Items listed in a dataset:
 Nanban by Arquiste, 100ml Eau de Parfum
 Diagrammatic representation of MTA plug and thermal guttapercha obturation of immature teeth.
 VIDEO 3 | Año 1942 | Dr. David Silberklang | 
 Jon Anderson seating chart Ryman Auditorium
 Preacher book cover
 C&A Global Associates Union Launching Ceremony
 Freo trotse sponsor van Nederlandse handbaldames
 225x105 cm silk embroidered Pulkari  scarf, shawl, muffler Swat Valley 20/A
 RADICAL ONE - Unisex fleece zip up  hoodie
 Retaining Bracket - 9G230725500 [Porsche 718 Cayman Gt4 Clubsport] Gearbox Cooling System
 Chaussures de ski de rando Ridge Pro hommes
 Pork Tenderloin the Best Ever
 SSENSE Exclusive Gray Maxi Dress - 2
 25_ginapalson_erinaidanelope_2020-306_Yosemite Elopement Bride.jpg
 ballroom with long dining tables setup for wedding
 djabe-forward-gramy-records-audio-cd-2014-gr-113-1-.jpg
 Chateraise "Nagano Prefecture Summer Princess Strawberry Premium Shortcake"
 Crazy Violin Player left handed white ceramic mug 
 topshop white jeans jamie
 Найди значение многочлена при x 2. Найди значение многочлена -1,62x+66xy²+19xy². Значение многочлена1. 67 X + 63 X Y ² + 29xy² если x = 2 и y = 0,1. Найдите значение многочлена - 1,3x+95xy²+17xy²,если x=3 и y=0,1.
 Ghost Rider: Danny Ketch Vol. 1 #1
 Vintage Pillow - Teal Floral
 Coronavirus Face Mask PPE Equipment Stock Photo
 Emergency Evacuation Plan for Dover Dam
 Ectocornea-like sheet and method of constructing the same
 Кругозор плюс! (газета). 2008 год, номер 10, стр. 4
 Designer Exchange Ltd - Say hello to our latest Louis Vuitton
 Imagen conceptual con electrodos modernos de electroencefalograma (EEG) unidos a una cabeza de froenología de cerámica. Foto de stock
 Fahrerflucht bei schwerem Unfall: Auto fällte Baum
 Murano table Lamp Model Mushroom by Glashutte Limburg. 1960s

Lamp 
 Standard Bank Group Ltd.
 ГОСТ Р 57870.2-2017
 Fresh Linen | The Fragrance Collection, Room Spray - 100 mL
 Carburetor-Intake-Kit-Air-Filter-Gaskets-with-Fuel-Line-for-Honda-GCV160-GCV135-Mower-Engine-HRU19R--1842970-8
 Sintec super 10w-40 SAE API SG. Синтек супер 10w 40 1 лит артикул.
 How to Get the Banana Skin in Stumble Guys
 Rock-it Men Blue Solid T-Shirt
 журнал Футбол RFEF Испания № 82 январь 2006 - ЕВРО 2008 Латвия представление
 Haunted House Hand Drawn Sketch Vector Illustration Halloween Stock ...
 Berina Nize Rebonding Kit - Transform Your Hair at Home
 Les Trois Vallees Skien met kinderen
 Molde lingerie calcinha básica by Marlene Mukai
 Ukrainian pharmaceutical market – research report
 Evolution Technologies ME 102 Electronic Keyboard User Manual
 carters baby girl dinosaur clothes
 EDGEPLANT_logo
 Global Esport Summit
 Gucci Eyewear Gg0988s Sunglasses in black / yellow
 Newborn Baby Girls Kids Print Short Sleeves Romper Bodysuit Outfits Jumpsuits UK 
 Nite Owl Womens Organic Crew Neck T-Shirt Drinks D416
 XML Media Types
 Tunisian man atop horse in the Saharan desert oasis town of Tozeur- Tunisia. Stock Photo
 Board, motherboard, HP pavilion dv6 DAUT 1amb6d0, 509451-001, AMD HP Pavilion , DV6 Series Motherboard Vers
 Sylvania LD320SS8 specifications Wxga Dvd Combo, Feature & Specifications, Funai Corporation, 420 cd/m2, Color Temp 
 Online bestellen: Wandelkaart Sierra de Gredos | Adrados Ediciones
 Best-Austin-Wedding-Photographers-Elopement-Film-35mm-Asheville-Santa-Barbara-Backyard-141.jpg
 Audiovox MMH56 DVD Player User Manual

YOUR TASK: Type the records out again. Match them exactly.

TASK OUTPUT:
 Nanban by Arquiste, 100ml Eau de Parfum
 Diagrammatic representation of MTA plug and thermal guttapercha obturation of immature teeth.
 VIDEO 3 | Año 1942 | Dr. David Silberklang | 
 Jon Anderson seating chart Ryman Auditorium
 Preacher book cover
 C&A Global Associates Union Launching Ceremony
 Freo trotse sponsor van Nederlandse handbaldames
 225x105 cm silk embroidered Pulkari  scarf, shawl, muffler Swat Valley 20/A
 RADICAL ONE - Unisex fleece zip up  hoodie
 Retaining Bracket - 9G230725500 [Porsche 718 Cayman Gt4 Clubsport] Gearbox Cooling System
 Chaussures de ski de rando Ridge Pro hommes
 Pork Tenderloin the Best Ever
 SSENSE Exclusive Gray Maxi Dress - 2
 25_ginapalson_erinaidanelope_2020-306_Yosemite Elopement Bride.jpg
 ballroom with long dining tables setup for wedding
 djabe-forward-gramy-records-audio-cd-2014-gr-113-1-.jpg
 Chateraise "Nagano Prefecture Summer Princess Strawberry Premium Shortcake"
 Crazy Violin Player left handed white ceramic mug 
 topshop white jeans jamie
 Найди значение многочлена при x 2. Найди значение многочлена -1,62x+66xy²+19xy². Значение многочлена1. 67 X + 63 X Y ² + 29xy² если x = 2 и y = 0,1. Найдите значение многочлена - 1,3x+95xy²+17xy²,если x=3 и y=0,1.
 Ghost Rider: Danny Ketch Vol. 1 #1
 Vintage Pillow - Teal Floral
 Coronavirus Face Mask PPE Equipment Stock Photo
 Emergency Evacuation Plan for Dover Dam
 Ectocornea-like sheet and method of constructing the same
 Кругозор плюс! (газета). 2008 год, номер 10, стр. 4
 Designer Exchange Ltd - Say hello to our latest Louis Vuitton
 Imagen conceptual con electrodos modernos de electroencefalograma (EEG) unidos a una cabeza de froenología de cerámica. Foto de stock
 Fahrerflucht bei schwerem Unfall: Auto fällte Baum
 Murano table Lamp Model Mushroom by Glashutte Limburg. 1960s

Lamp 
 Standard Bank Group Ltd.
 ГОСТ Р 57870.2-2017
 Fresh Linen | The Fragrance Collection, Room Spray - 100 mL
 Carburetor-Intake-Kit-Air-Filter-Gaskets-with-Fuel-Line-for-Honda-GCV160-GCV135-Mower-Engine-HRU19R--1842970-8
 Sintec super 10w-40 SAE API SG. Синтек супер 10w 40 1 лит артикул.
 How to Get the Banana Skin in Stumble Guys
 Rock-it Men Blue Solid T-Shirt
 журнал Футбол RFEF Испания № 82 январь 2006 - ЕВРО 2008 Латвия представление
 Haunted House Hand Drawn Sketch Vector Illustration Halloween Stock ...
 Berina Nize Rebonding Kit - Transform Your Hair at Home
 Les Trois Vallees Skien met kinderen
 Molde lingerie calcinha básica by Marlene Mukai
 Ukrainian pharmaceutical market – research report
 Evolution Technologies ME 102 Electronic Keyboard User Manual
 carters baby girl dinosaur clothes
 EDGEPLANT_logo
 Global Esport Summit
 Gucci Eyewear Gg0988s Sunglasses in black / yellow
 Newborn Baby Girls Kids Print Short Sleeves Romper Bodysuit Outfits Jumpsuits UK 
 Nite Owl Womens Organic Crew Neck T-Shirt Drinks D416
 XML Media Types
 Tunisian man atop horse in the Saharan desert oasis town of Tozeur- Tunisia. Stock Photo
 Board, motherboard, HP pavilion dv6 DAUT 1amb6d0, 509451-001, AMD HP Pavilion , DV6 Series Motherboard Vers
 Sylvania LD320SS8 specifications Wxga Dvd Combo, Feature & Specifications, Funai Corporation, 420 cd/m2, Color Temp 
 Online bestellen: Wandelkaart Sierra de Gredos | Adrados Ediciones
 Best-Austin-Wedding-Photographers-Elopement-Film-35mm-Asheville-Santa-Barbara-Backyard-141.jpg
 Audiovox MMH56 DVD Player User Manual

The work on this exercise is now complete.